BAYRAK ÂŞIĞI BİR MEVLEVİ: ARİF NİHAT ASYA / Mustafa Erhan AK

- Düşünülüyorum öyleyse varım. Arif Nihat Asya -

Türk edebiyatında Milli Edebiyat Dönemi’nde görülen milliyetçi duygularla şiir kaleme alma eğilimi, Cumhuriyet Devri’nde de devam etmiş, sanatını bu çizgide şekillendiren pek çok şair yetişmiştir. Bu şairlerden biri de gerek yaşadığı dönemde gerekse günümüzde “Bayrak” şiiriyle adından sıkça söz ettiren ve hatta “Bayrak Şairi” olarak anılan Arif Nihat Asya’dır. Asya; yaşayışını, duygu, düşünce ve inancını sanatıyla harmanlayıp bunu kendine has destansı bir üslupla dile getiren sesi gür bir şairdir. Onun sanatına bakıldığında, eserlerinin genel dokusunu yaşamının bizzat kendisi oluşturur. O halde onun sanatını daha iyi anlayabilmek adına hayatına kısa da olsa değinmek yerinde olacaktır.

İnceğiz’i Çatalca’ya bağladıklarından beri İstanbulludur şair. Ne zaman memleketi mevzubahis olsa bu hususu yazdığı bir şiiriyle şöyle açıklar Asya:

          Nerelisin diye soruyorlar:

         İnceğiz köyünde doğmuşum…

         İnceğiz’i Çatalca’ya,

         Çatalca’yı İstanbul’a bağlamışlar…

          İstanbullu olmuşum.

Asıl adı Mehmet Arif’ olan şair, henüz yedi günlükken babasını kaybeder. Çok erken yaşta yetim kalması bir yana dört yaşındayken de annesinden ayrılır. Bunun sebebi ise annesinin bir subayla evlenmesi ve evden ayrılırken kendisini götürmesine dedesinin rıza göstermeyişidir. Şair, ancak 43 yaşındayken annesinin Filistin’de olduğunu öğrenecek ve onu görmeye gidecektir. Çok küçük yaşlarda anne babasının yokluğunu hep yüreğinde bir yara gibi taşıyan Asya, dedesi ve akrabalarının himayesinde büyür. Hayatının bu yıllarını şair “Babamdan dedeme, dedemden halama, halamdan amcama kaldım. Sonunda amcamdan halama dönmüş ve halamdan millete kalmışım.” diyerek özetler. Savaş yıllarının olumsuz etkisi, uzun bir yatılılık hayatı, öğrenimi için değişik çevre ve şehirlerde bulunması şairin hüznünü ve hasret duygularını sürekli besleyen durumlar haline gelir. Gençlik yıllarında zaman zaman çeşitli ruh buhranları geçirmiş olsa da, otuzlu yaşlarda Mevlevilik anlayışına yönelmesi ve çile doldurarak olgunlaşması onun hayata bakışını da değiştirir. İstanbul’da Yüksek Öğretmen Okulundan edebiyat öğretmeni olarak mezun olan Asya, iki evlilik yapar. İlk evliliğini bu okulun son sınıfındayken soyu saraya mensup olan Hatice Sena Hanım ile yapar fakat 13 yıl süren bu evliliği eşiyle anlaşamadığından bitirme kararı alır. İkinci evliliğini ise Adana’da görev yaptığı sırada onunla aynı okulda çalışan ve hayat hikâyesinin kendisininkiyle çok benzediği Kimya Öğretmeni Servet Akdoğan ile yapar. 35 yıl süren bu evliliklerinde Arif Nihat Asya hiç olmadığı kadar mutludur. Bu mutluğu dizelerinde de şu şekilde anlatır: 

                  Ne şiirden, ne şöhrettendir.

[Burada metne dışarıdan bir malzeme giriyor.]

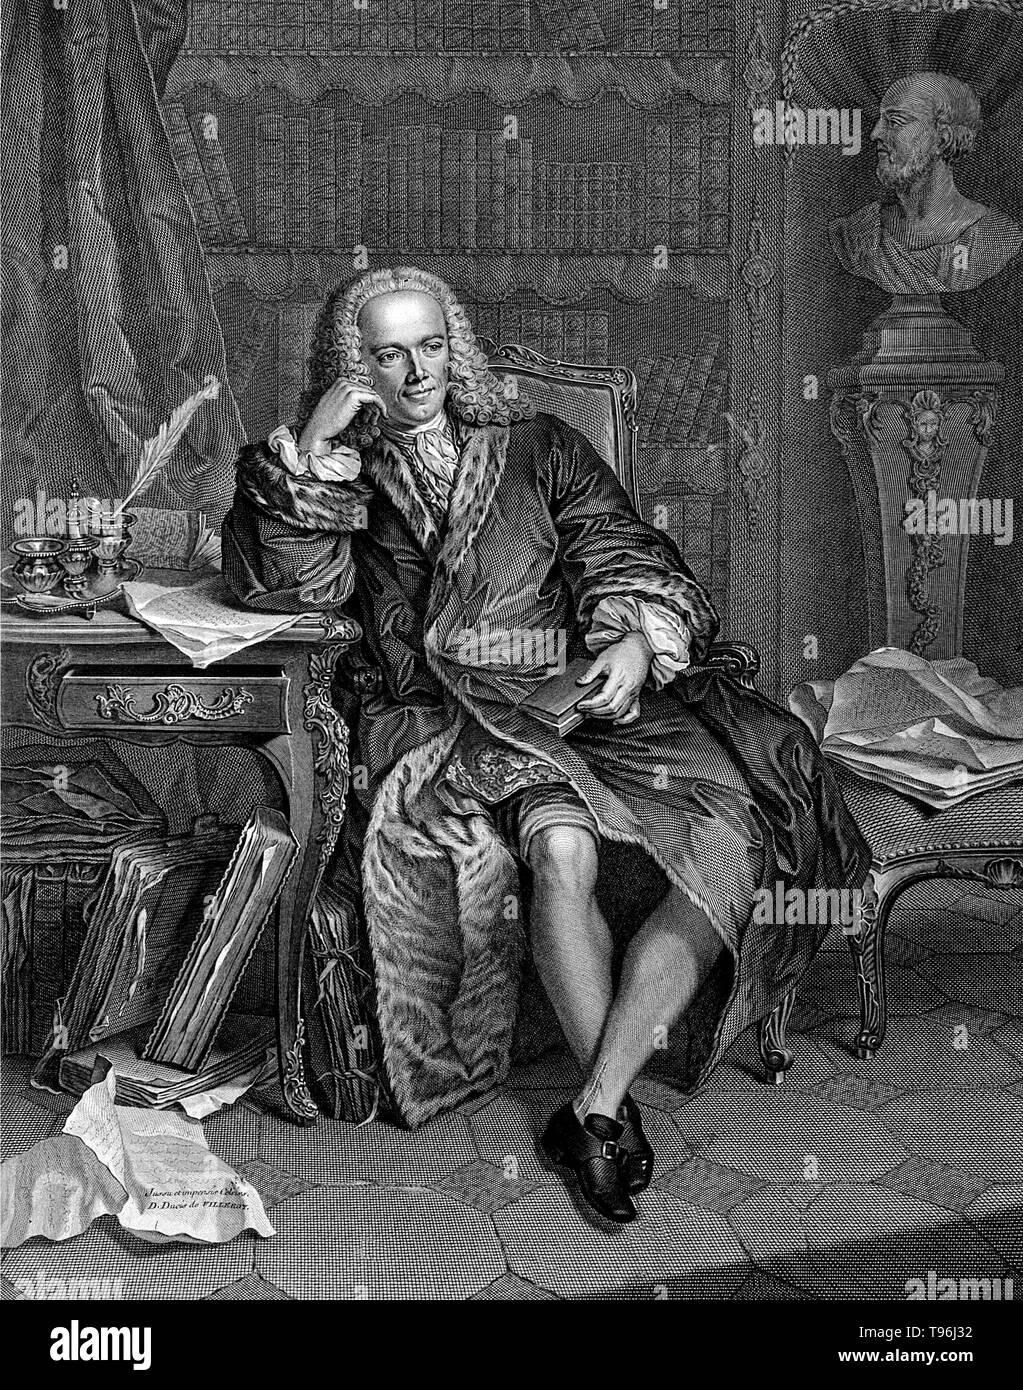 Francois Quesnay (4 giugno 1694 - 16 dicembre 1774) era un economista francese e del medico. Ha studiato medicina a Parigi e divenne medico di Re Luigi XV di Francia. Dalla fine del 1740s iniziò a dedicare più tempo allo studio di economia, raccogliendo intorno a sé un gruppo di eminenti pensatori economica (l'Physiocrates). Egli ha pubblicato le "Tableau économique" (economico tabella) nel 1758, che ha fornito le basi delle idee del Physiocrats. Foto Stock

                 Mutluluğum Servet’tendir!

Kendisini çok seven Adana halkının ısrarıyla bir ara politikaya da atılan Asya, milletvekilliği de yapar ancak mizacına uygun bulmadığı için öğretmenlik mesleğine döner. Öğretmenlik yıllarında dönemin Milli Eğitim Bakanı Hasan Ali Yücel ile aralarında geçen bir münakaşa sebebiyle idarecilik görevi sona eren Asya’nın, yerel gazetelerde yazdığı politik yazılar nedeniyle de başı soruşturmalar yüzünden sık sık belaya girer. Bu soruşturmalar neticesinde başka illere tayin edildiği de olur. Daha sonraları 58 yaşında emekliye ayrılır. Hayatının geri kalanını yapılan çeşitli şiir davetlerine, kültürel faaliyetlere katılarak geçiren şair, geçirdiği kalp krizi sonucu hastaneye kaldırılır. Tedavi için kaldırıldığı Ankara Numune Hastanesinde bayrak şiirini yazmış olduğu bir 5 Ocak günü vefat eder.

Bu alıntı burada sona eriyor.